Visualization of the conventional outflow pathway in the living human eye.

机构信息

Department of Ophthalmology, UPMC Eye Center, Eye and Ear Institute, Ophthalmology and Visual Science Research Center, University of Pittsburgh School of Medicine, Pittsburgh, Pennsylvania, USA.

出版信息

Ophthalmology. 2012 Aug;119(8):1563-8. doi: 10.1016/j.ophtha.2012.02.032. Epub 2012 Jun 8.
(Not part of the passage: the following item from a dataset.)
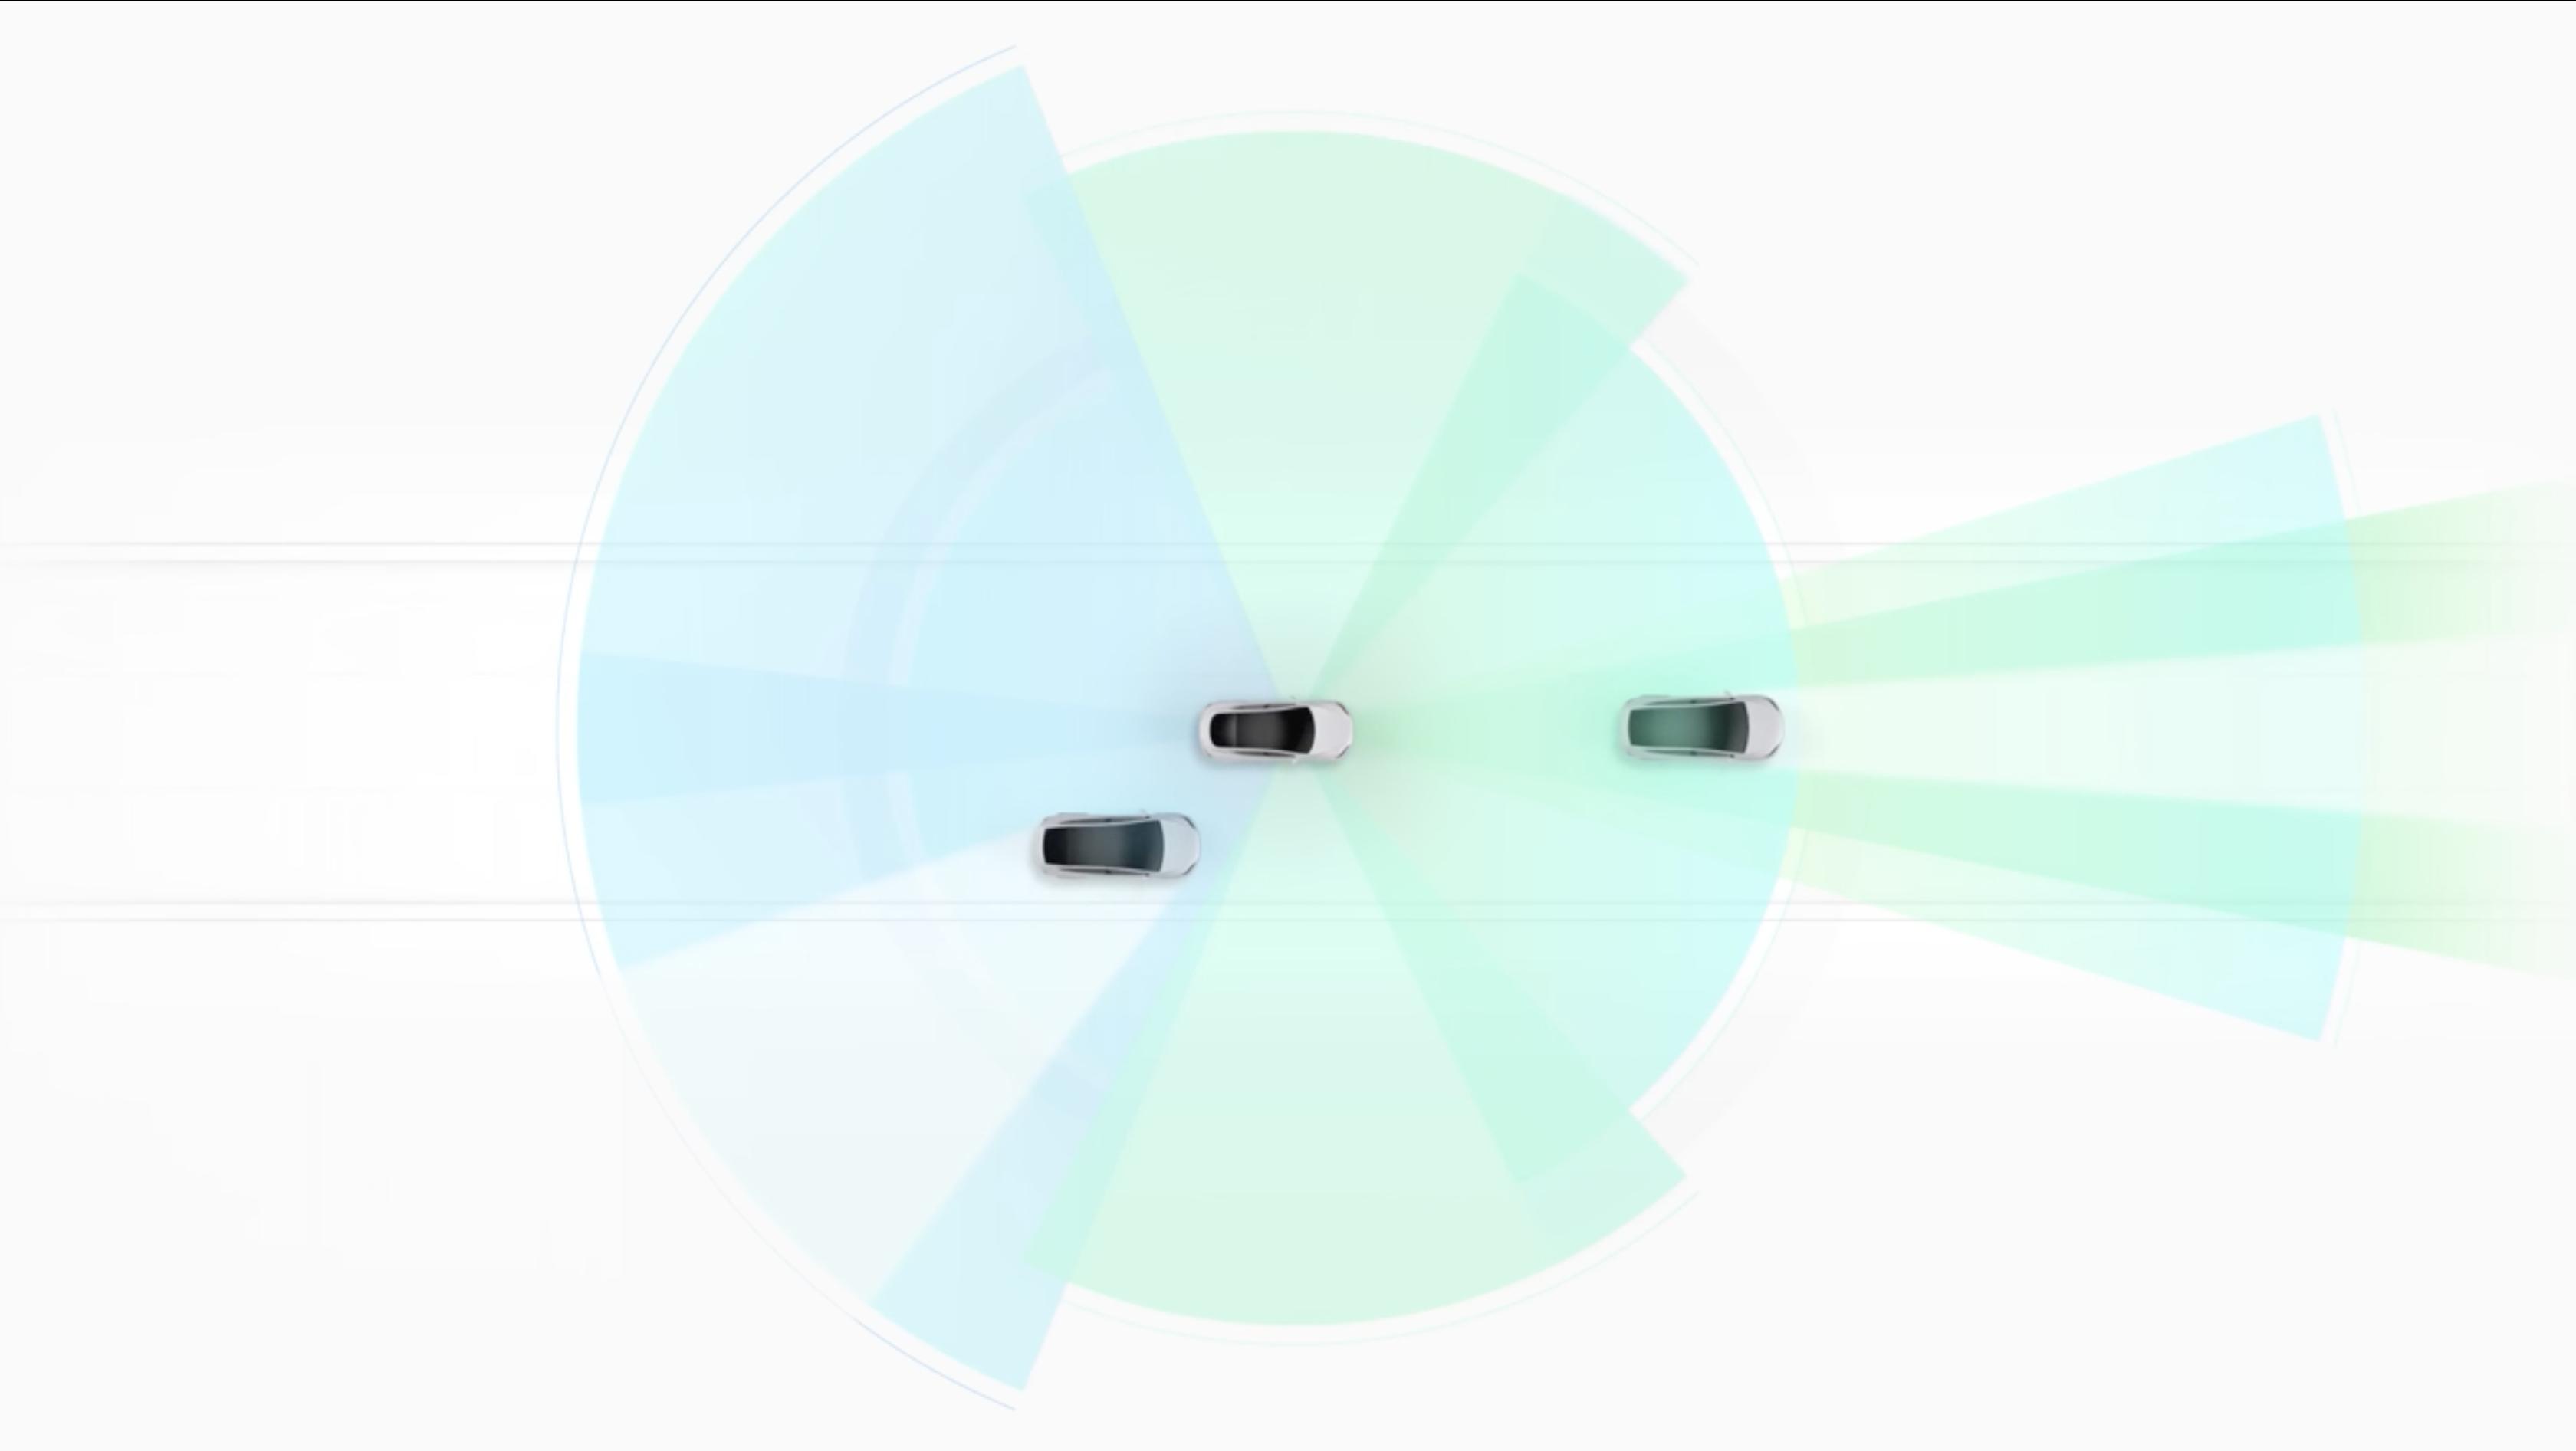 Tesla לבנה עם תיאור Autopilot צבעוני
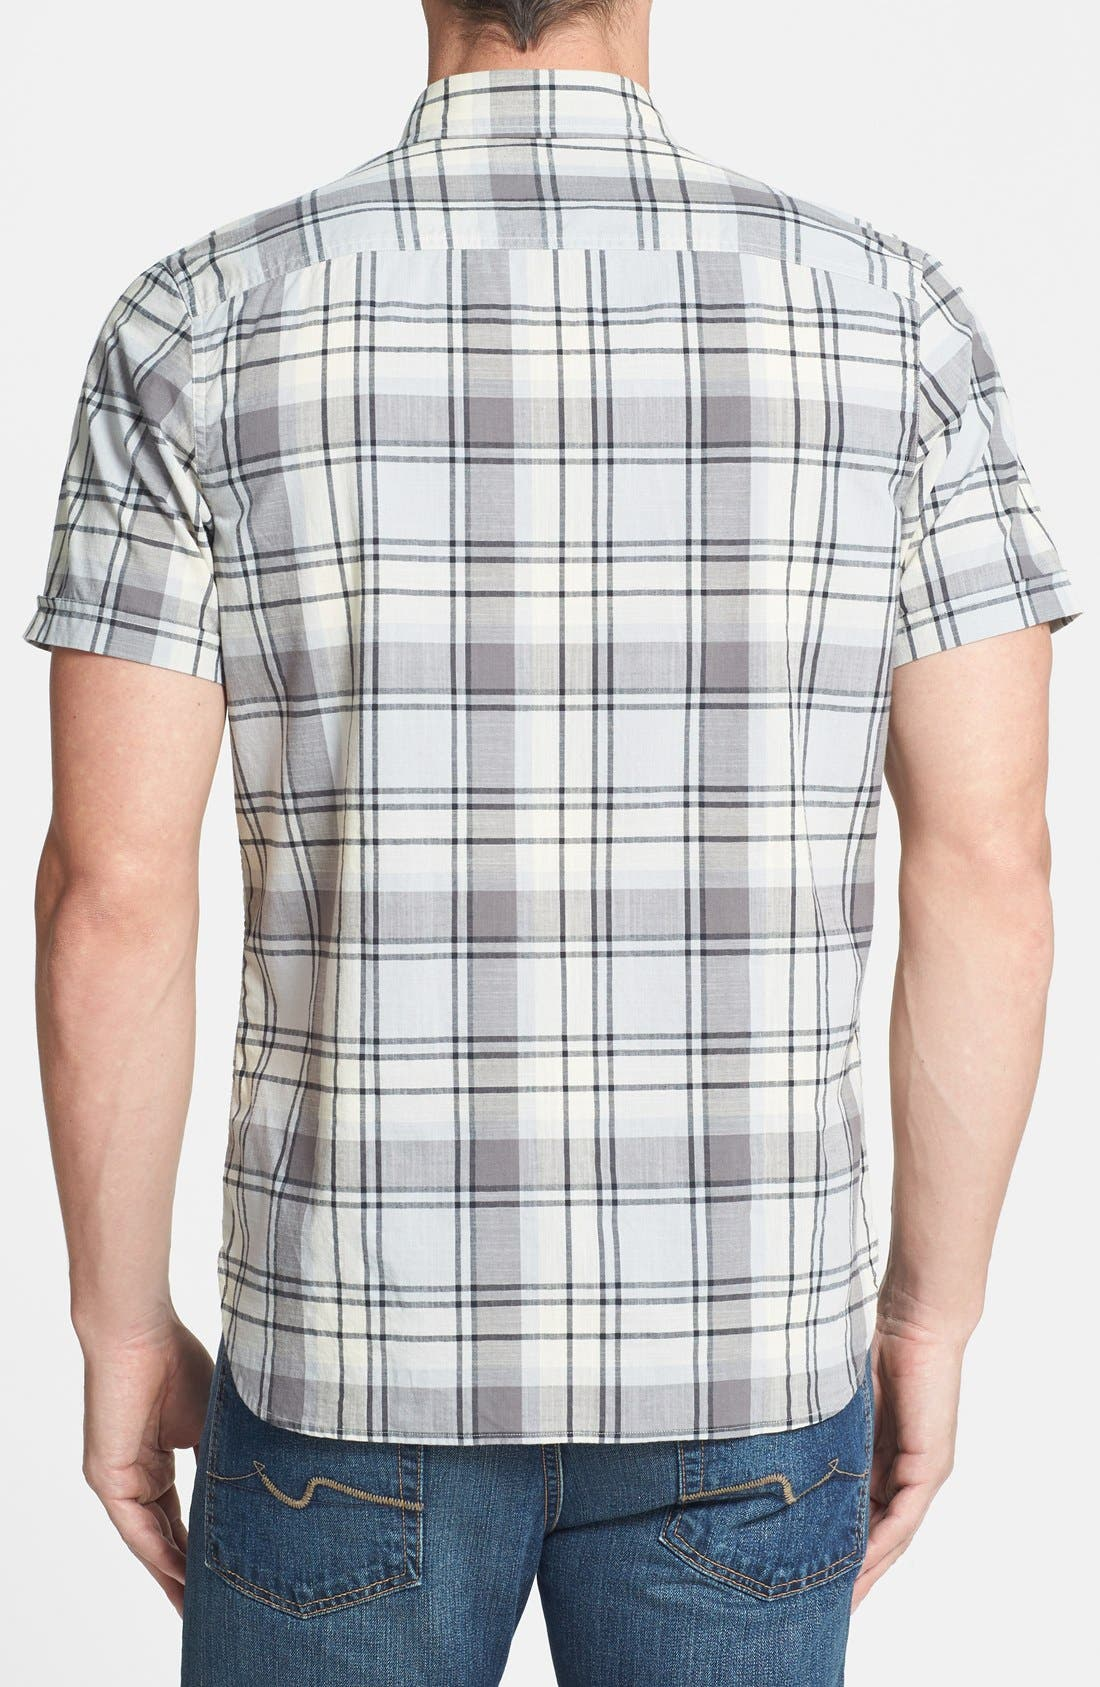 Alternate Image 2  - Wallin & Bros. 'Signature' Trim Fit Sport Shirt

DOI:10.1016/j.ophtha.2012.02.032
PMID:22683063
原文链接:https://pmc.ncbi.nlm.nih.gov/articles/PMC3411861/
Abstract

PURPOSE

We sought to visualize the aqueous outflow system in 3 dimensions (3D) in living human eyes, and to investigate the use of commercially available spectral-domain optical coherence tomographic (SD-OCT) systems for this purpose.

DESIGN

Prospective, observational study.

PARTICIPANTS

One randomly determined eye in each of 6 normal healthy subjects was included.

TESTING

We performed 3D SD-OCT imaging of the aqueous humor outflow structures with 2 devices: The Cirrus HD-OCT and the Bioptigen SDOIS.

MAIN OUTCOME MEASURES

We created 3D virtual castings of Schlemm's canal (SC) and more distal outflow structures from scan data from each device.

RESULTS

Virtual casting of the SC provided visualization of more aqueous vessels branching from SC than could be located by interrogating the 2-dimensional (2D) image stack. Similarly, virtual casting of distal structures allowed visualization of large and small aqueous outflow channel networks that could not be appreciated with conventional 2D visualization.

CONCLUSIONS

The outflow pathways from SC to the superficial vasculature can be identified and tracked in living human eyes using commercially available SD-OCT.

摘要

目的

我们试图在活体人眼中可视化房水流出系统的三维(3D)结构,并研究商用谱域光学相干断层扫描(SD-OCT)系统在这方面的应用。

设计

前瞻性观察研究。

参与者

纳入 6 名正常健康受试者的每只随机确定的眼。

测试

我们使用 2 种设备对房水流出结构进行了 3D SD-OCT 成像:Cirrus HD-OCT 和 Bioptigen SDOIS。

主要观察指标

我们从每个设备的扫描数据中创建了 Schlemm 管(SC)和更远端流出结构的 3D 虚拟铸型。

结果

SC 的虚拟铸型提供了比通过询问二维(2D)图像堆栈所能定位的更多分支自 SC 的房水血管可视化。同样,远端结构的虚拟铸型允许可视化大的和小的房水流出通道网络,这是无法用传统的 2D 可视化来欣赏的。

结论

使用商用 SD-OCT 可以在活体人眼中识别和跟踪来自 SC 到浅层血管的流出途径。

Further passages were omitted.